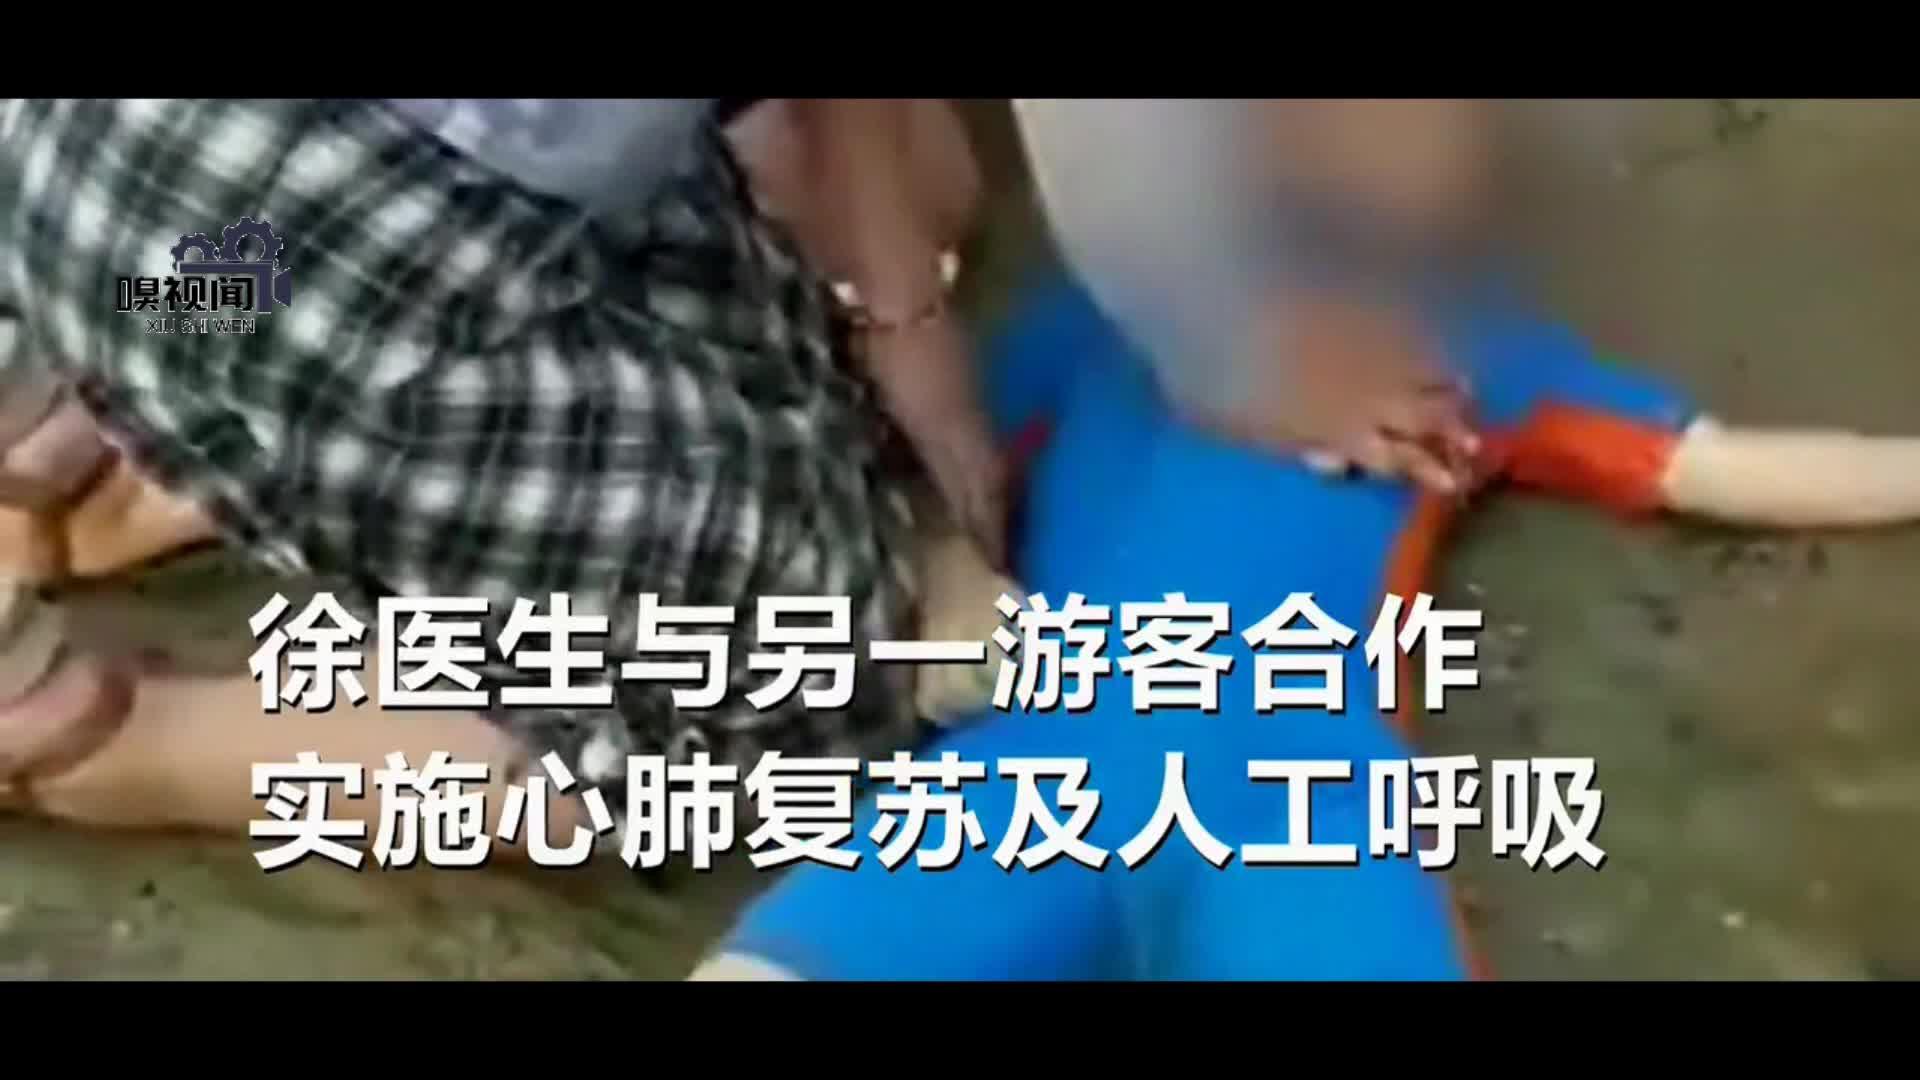 山东威海:男童溺水心跳骤停,度假医生跪地急救半小时
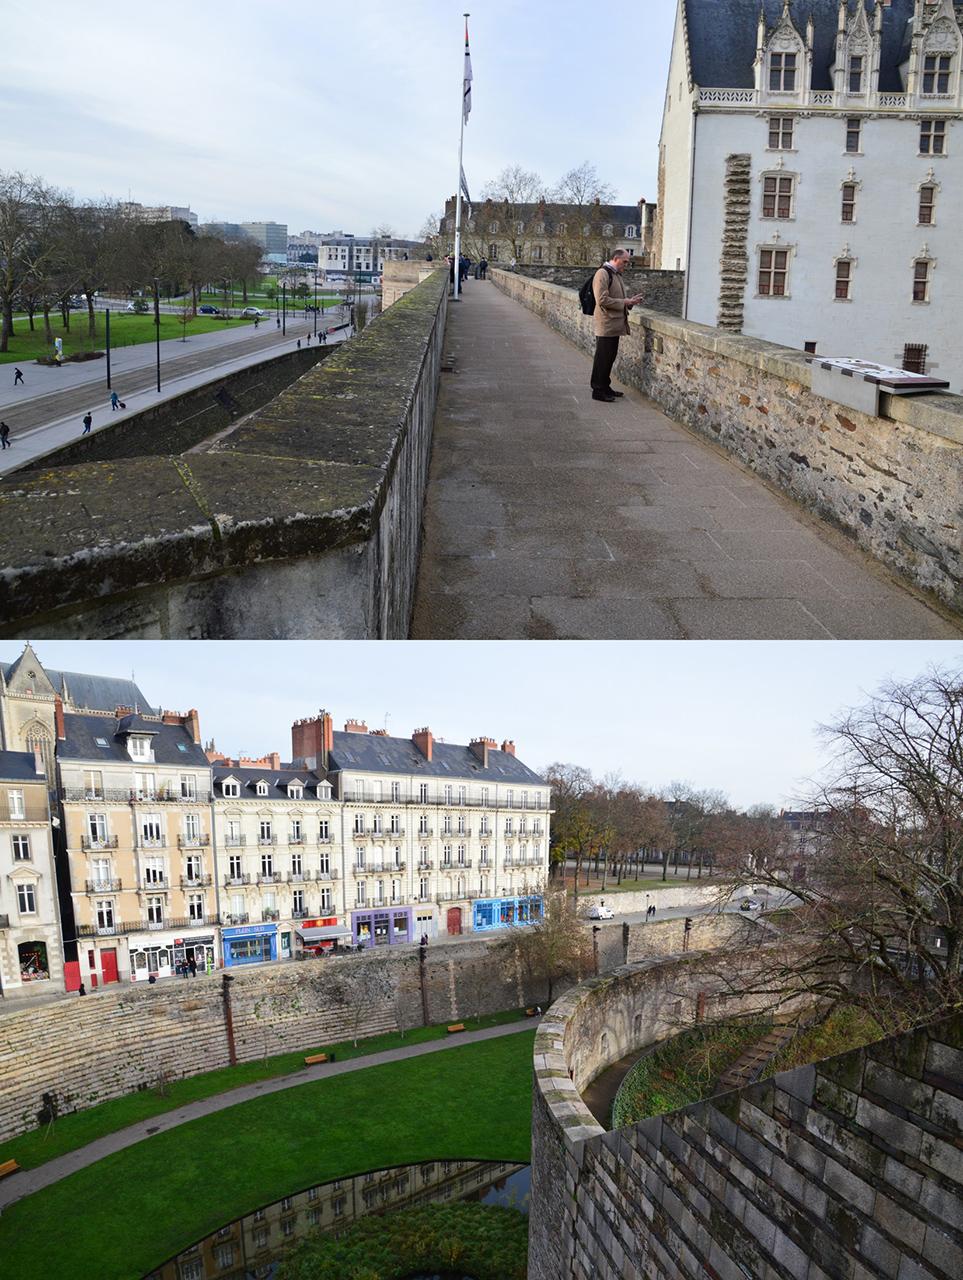 낭트 성 성벽 돌계단을 통해 성벽에 올라서면 성벽 길을 따라 한 바퀴 답사를 할 수 있다.
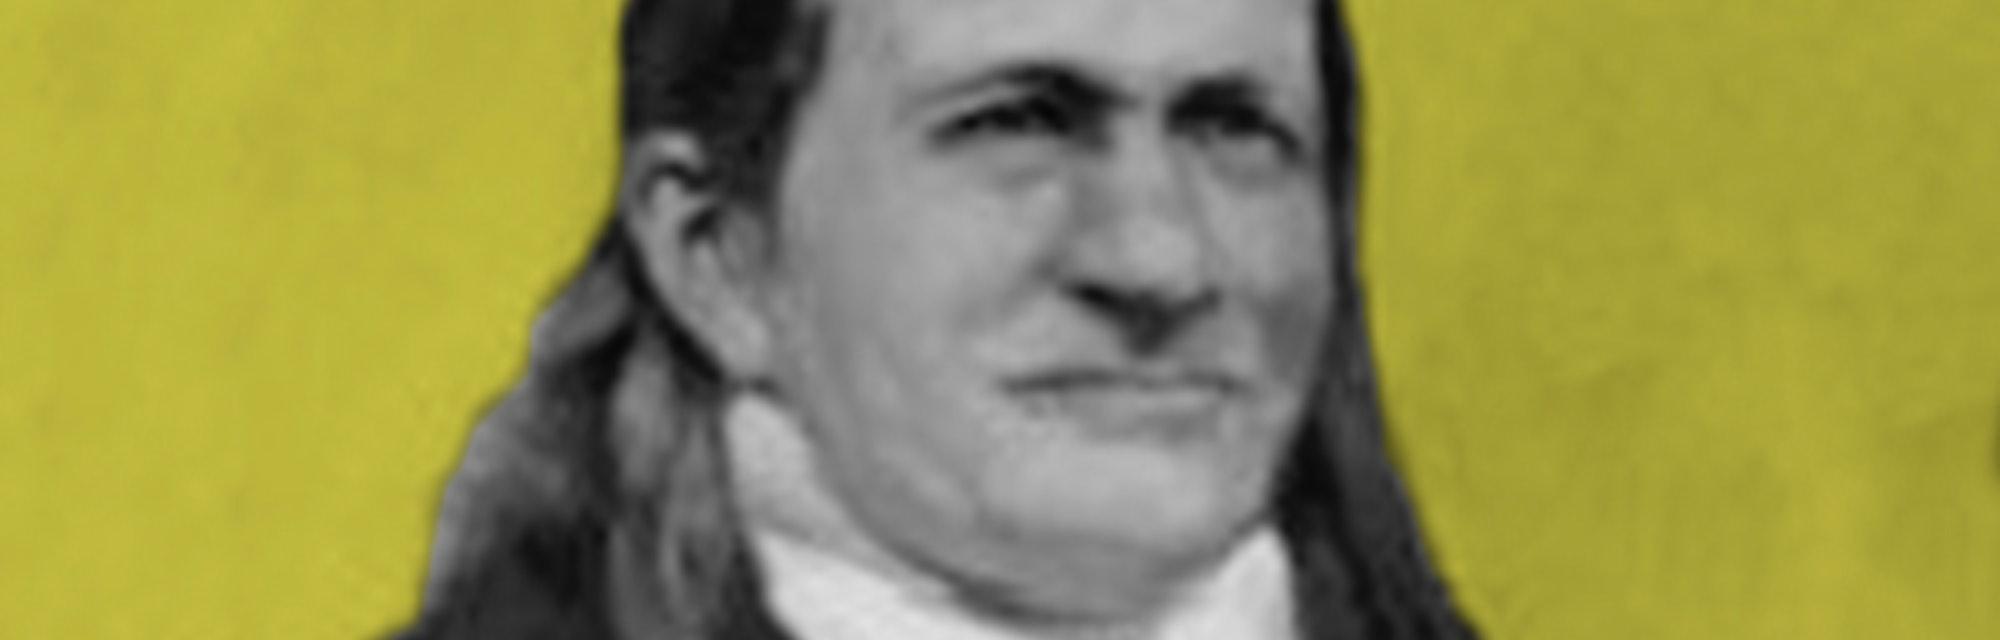 Friedlieb Ferdinand Runge Dripped Chemicals in Cat Eyeballs for ...
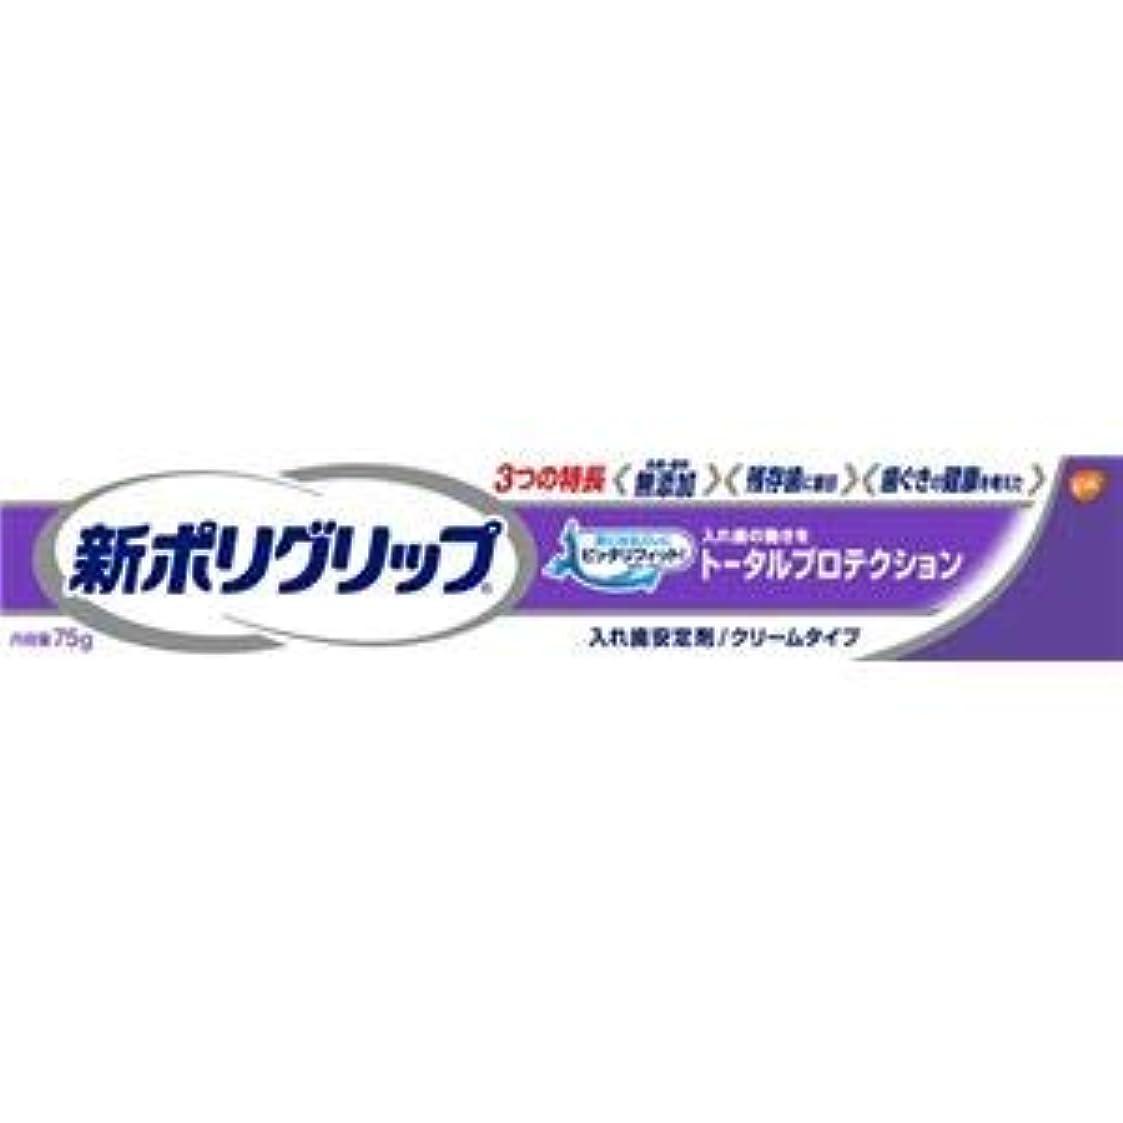 (まとめ)グラクソスミスクライン 新ポリグリップ トータルプロテクション 75g 【×6点セット】

_ _ _ _ _

-- Assignment --
Print exactly, and only, the lines from the line containing "낭트 성 성벽 돌계단을" to the last line of the material above, with every picture left out.

-- Task answer --
 낭트 성 성벽 돌계단을 통해 성벽에 올라서면 성벽 길을 따라 한 바퀴 답사를 할 수 있다.
 Friedlieb Ferdinand Runge Dripped Chemicals in Cat Eyeballs for ...
 (まとめ)グラクソスミスクライン 新ポリグリップ トータルプロテクション 75g 【×6点セット】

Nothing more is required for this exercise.